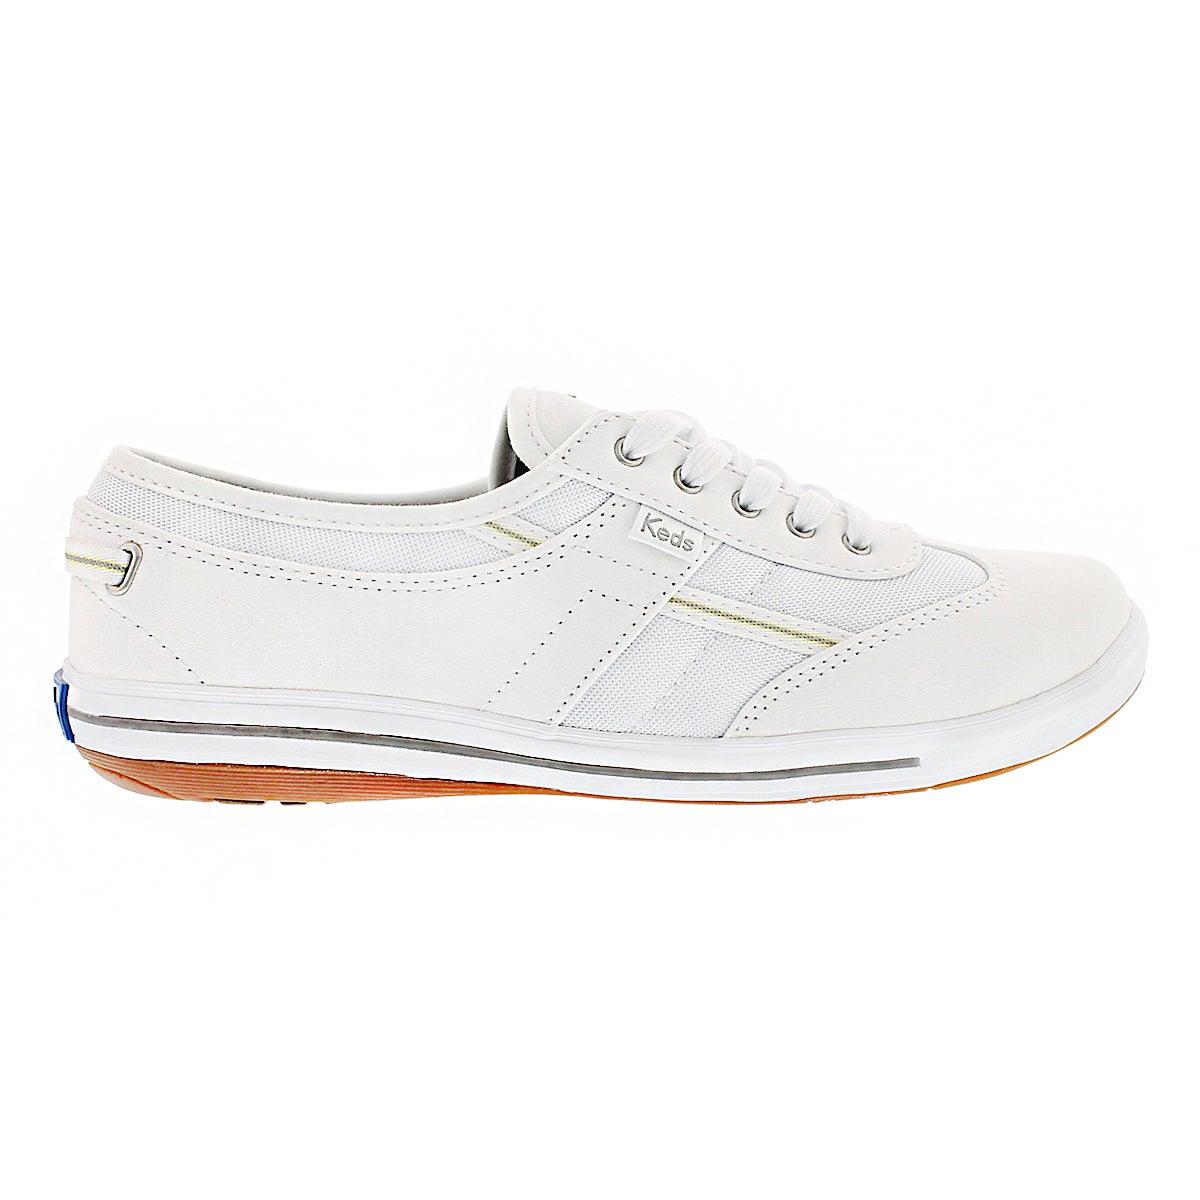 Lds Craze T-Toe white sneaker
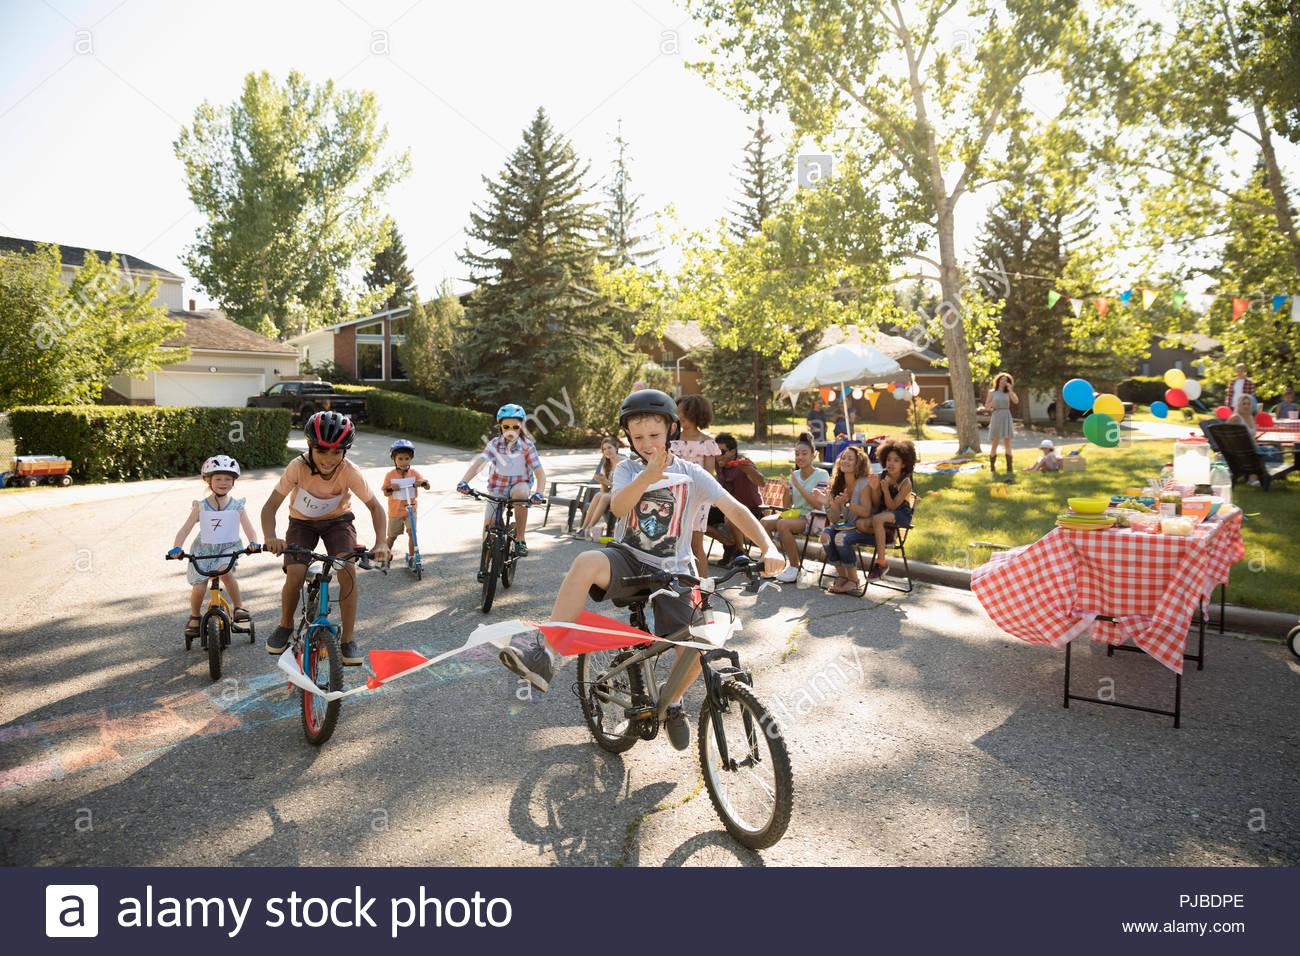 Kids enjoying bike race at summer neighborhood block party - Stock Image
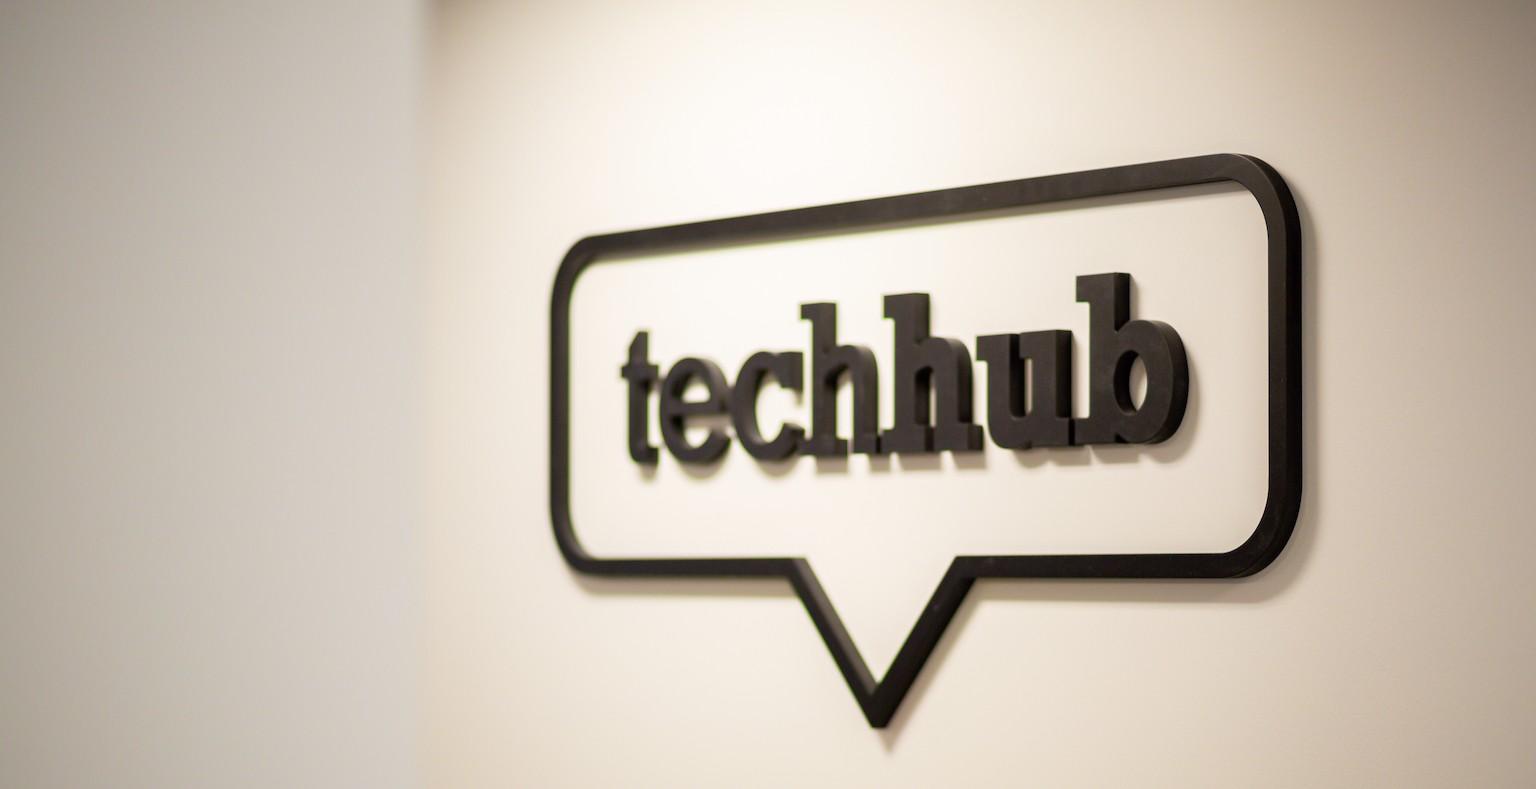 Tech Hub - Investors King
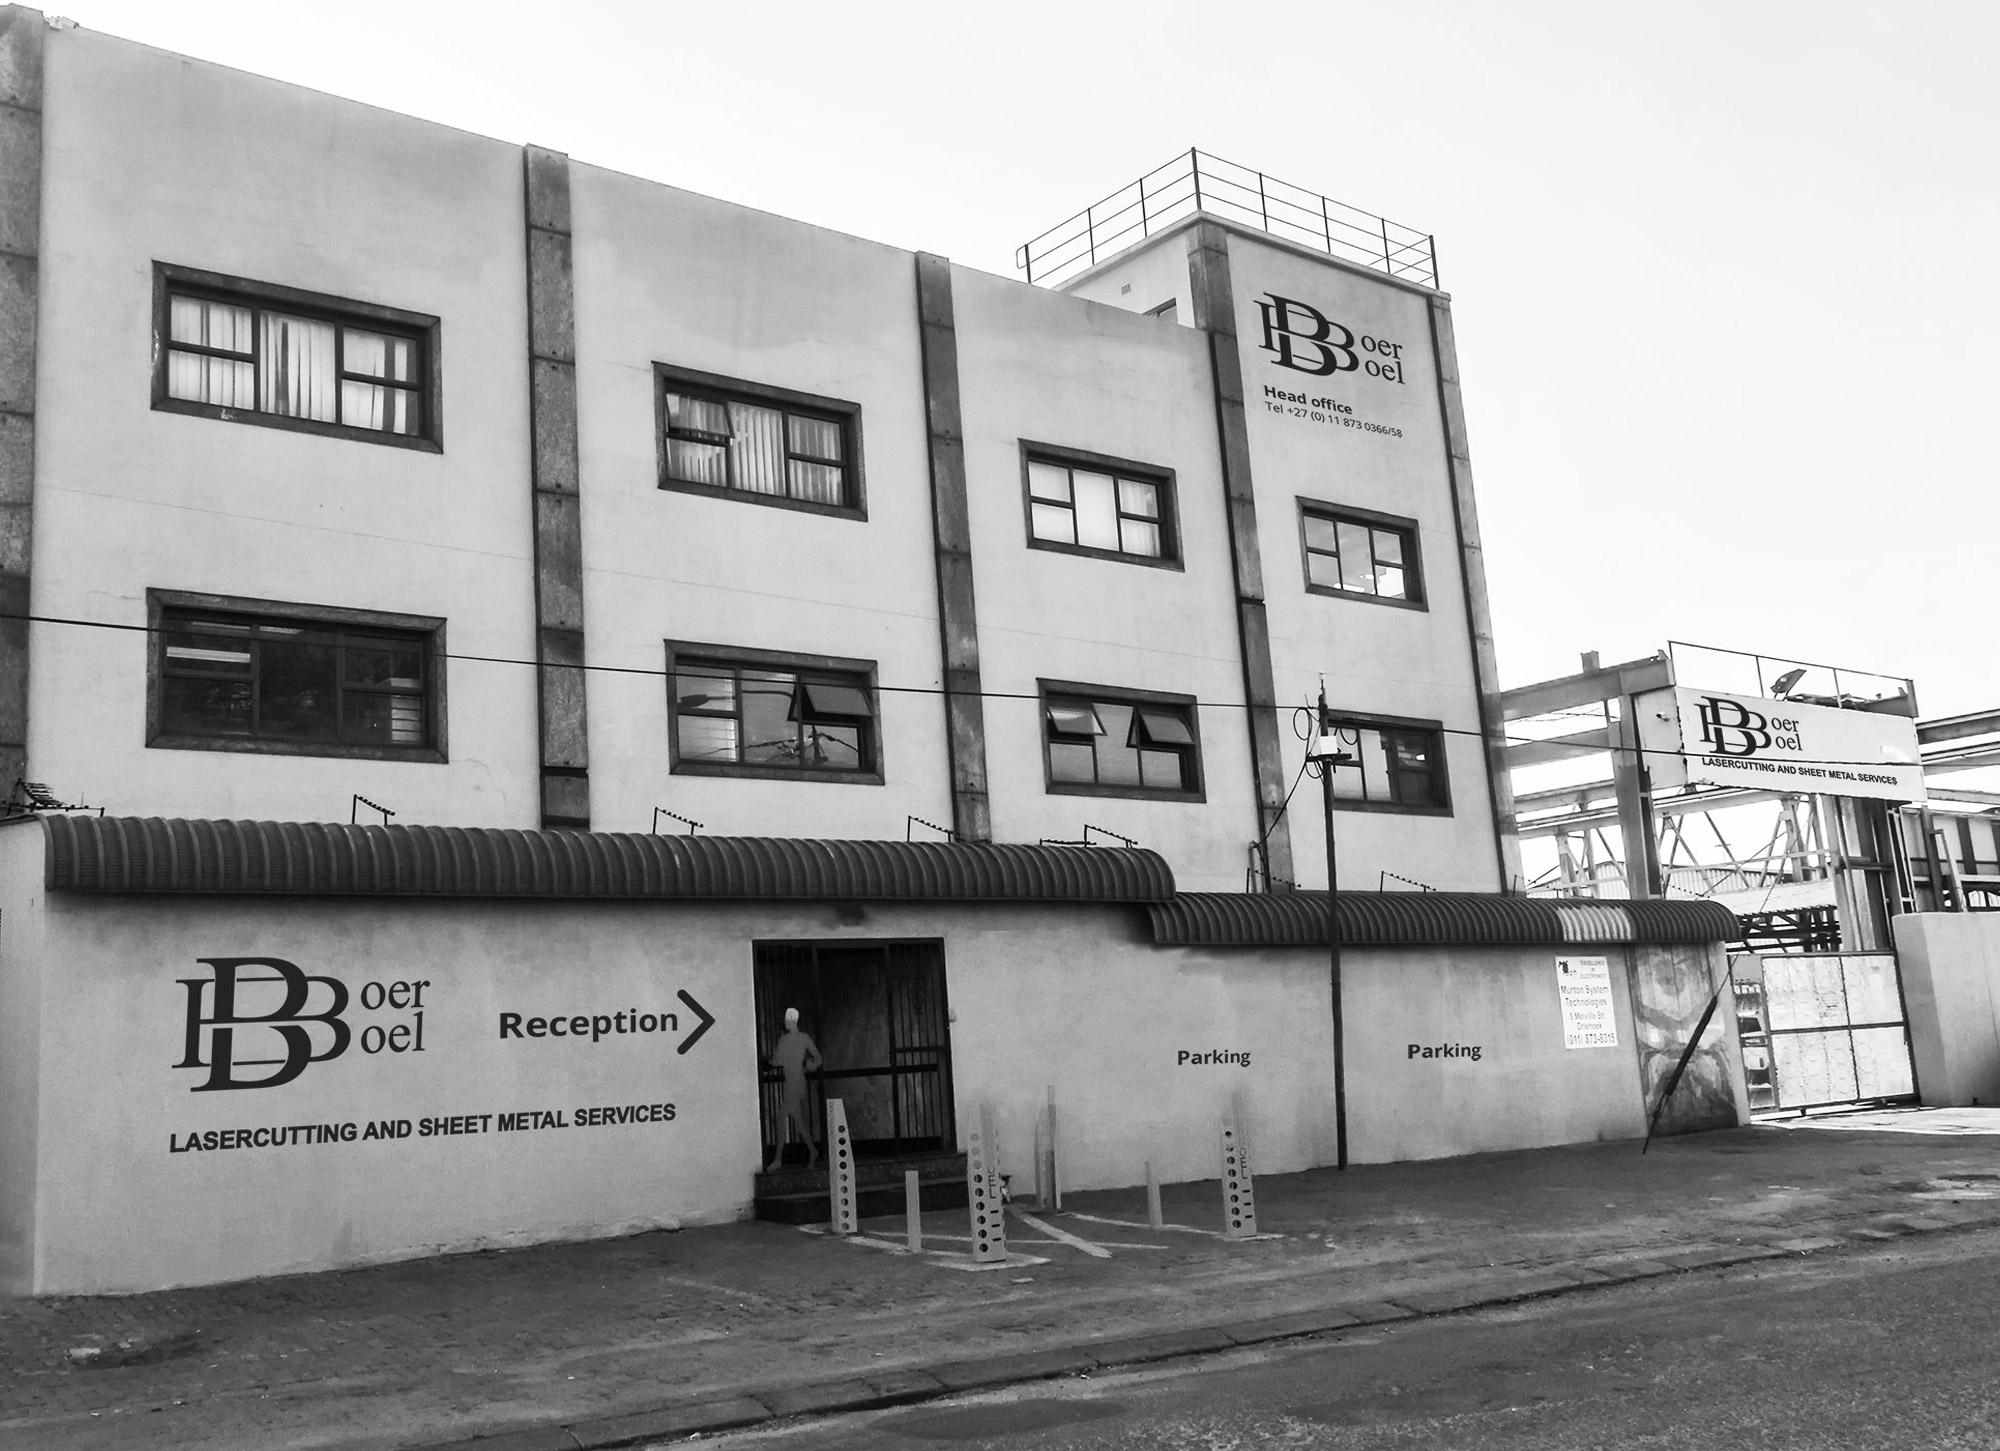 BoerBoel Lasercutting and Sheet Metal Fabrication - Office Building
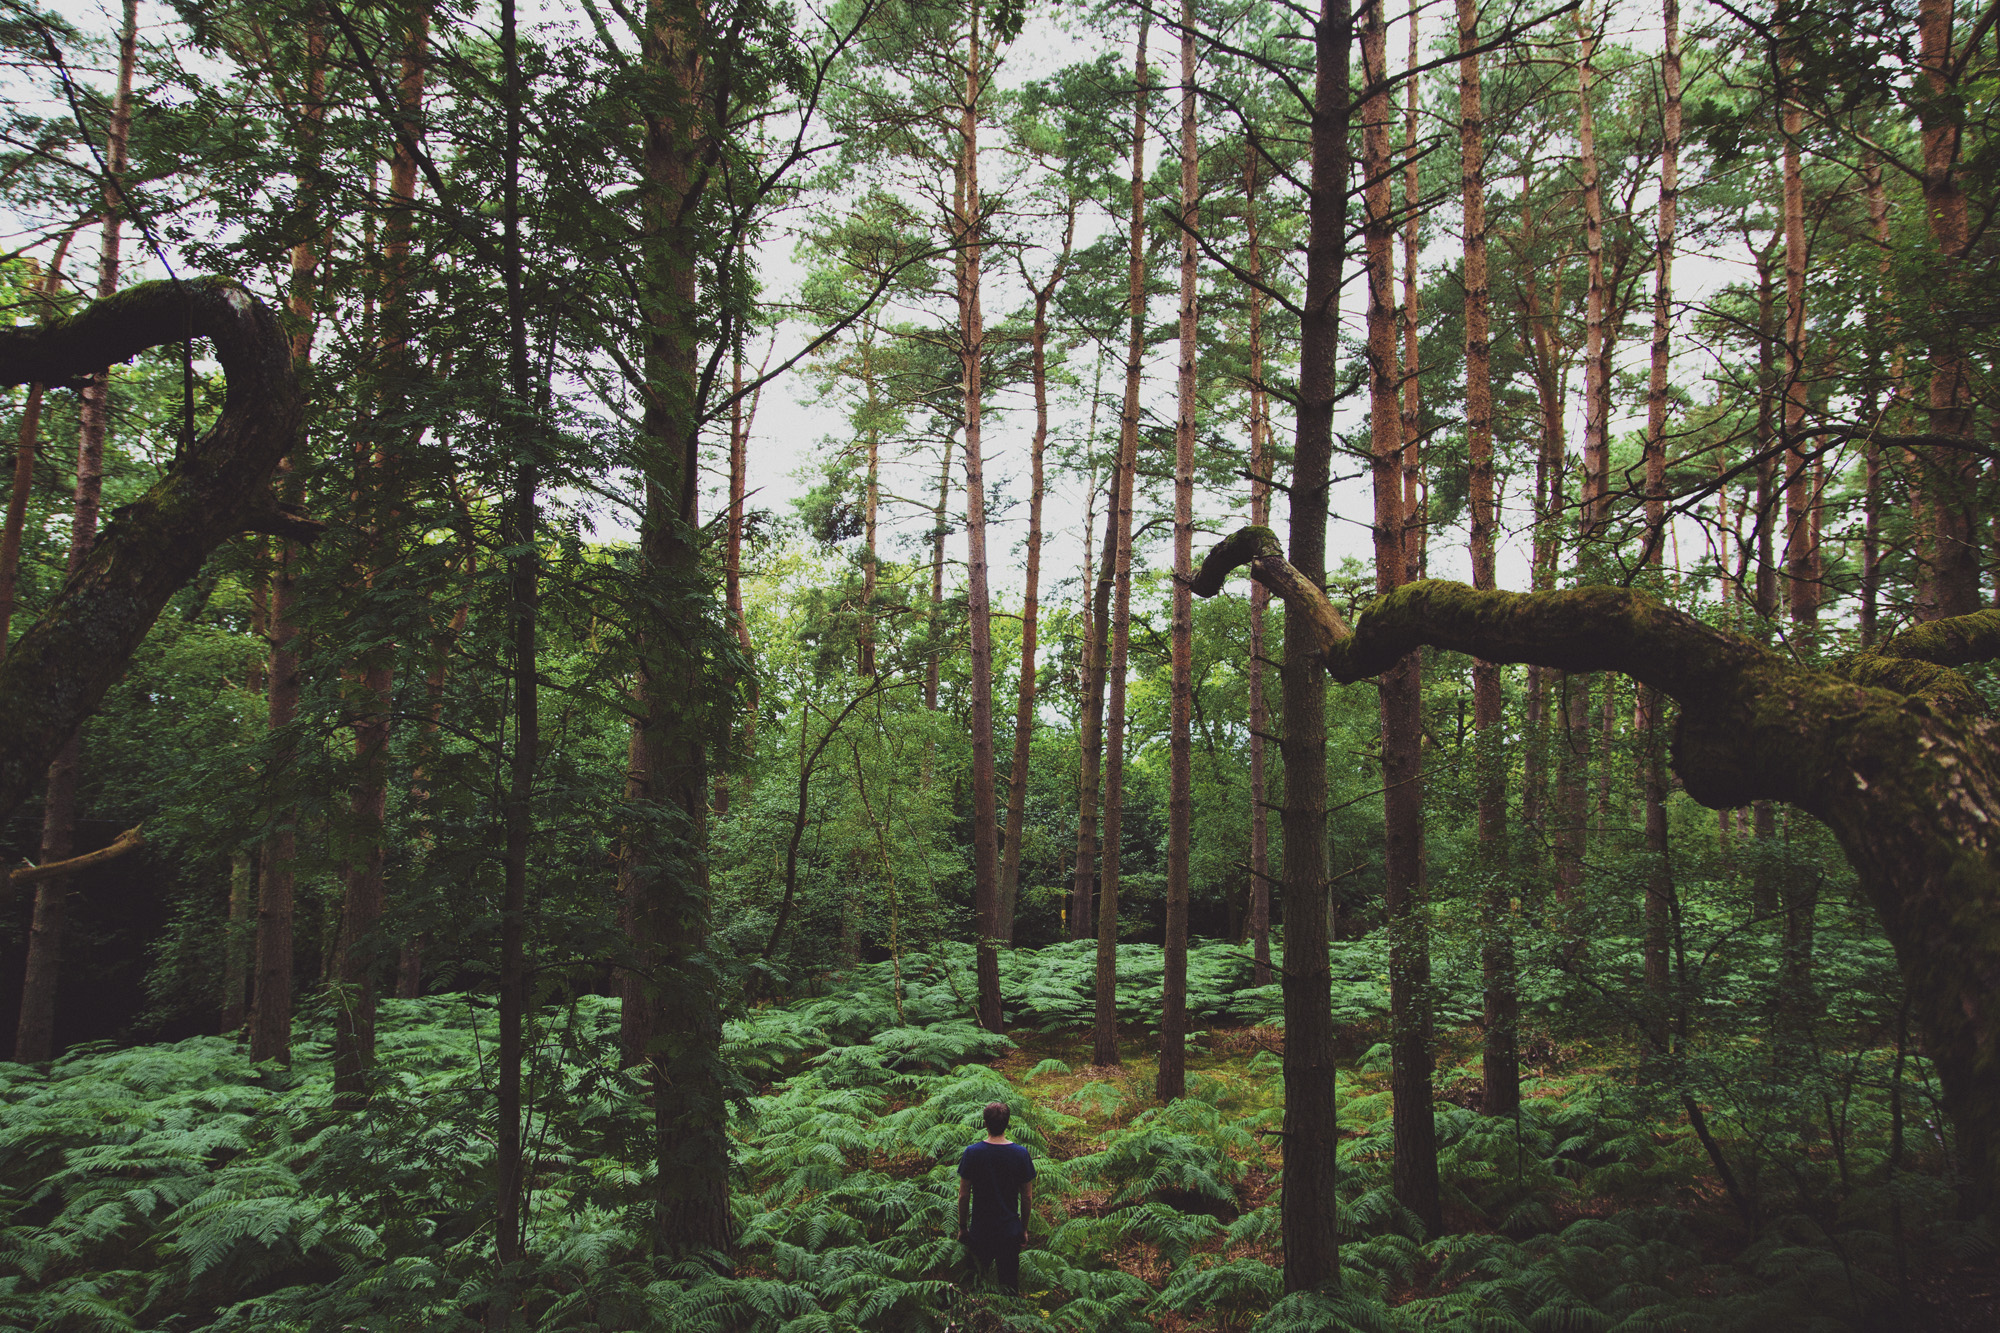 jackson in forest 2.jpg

-- -- --

» **TASK OBJECTIVE**: All that is needed is the lines from the line holding "Tech Hub - Investors King" to the final line of the listing above, repeated exactly, pictures excluded.

» **SOLUTION TO THIS TASK**:
 Tech Hub - Investors King
 BoerBoel Lasercutting and Sheet Metal Fabrication - Office Building
 jackson in forest 2.jpg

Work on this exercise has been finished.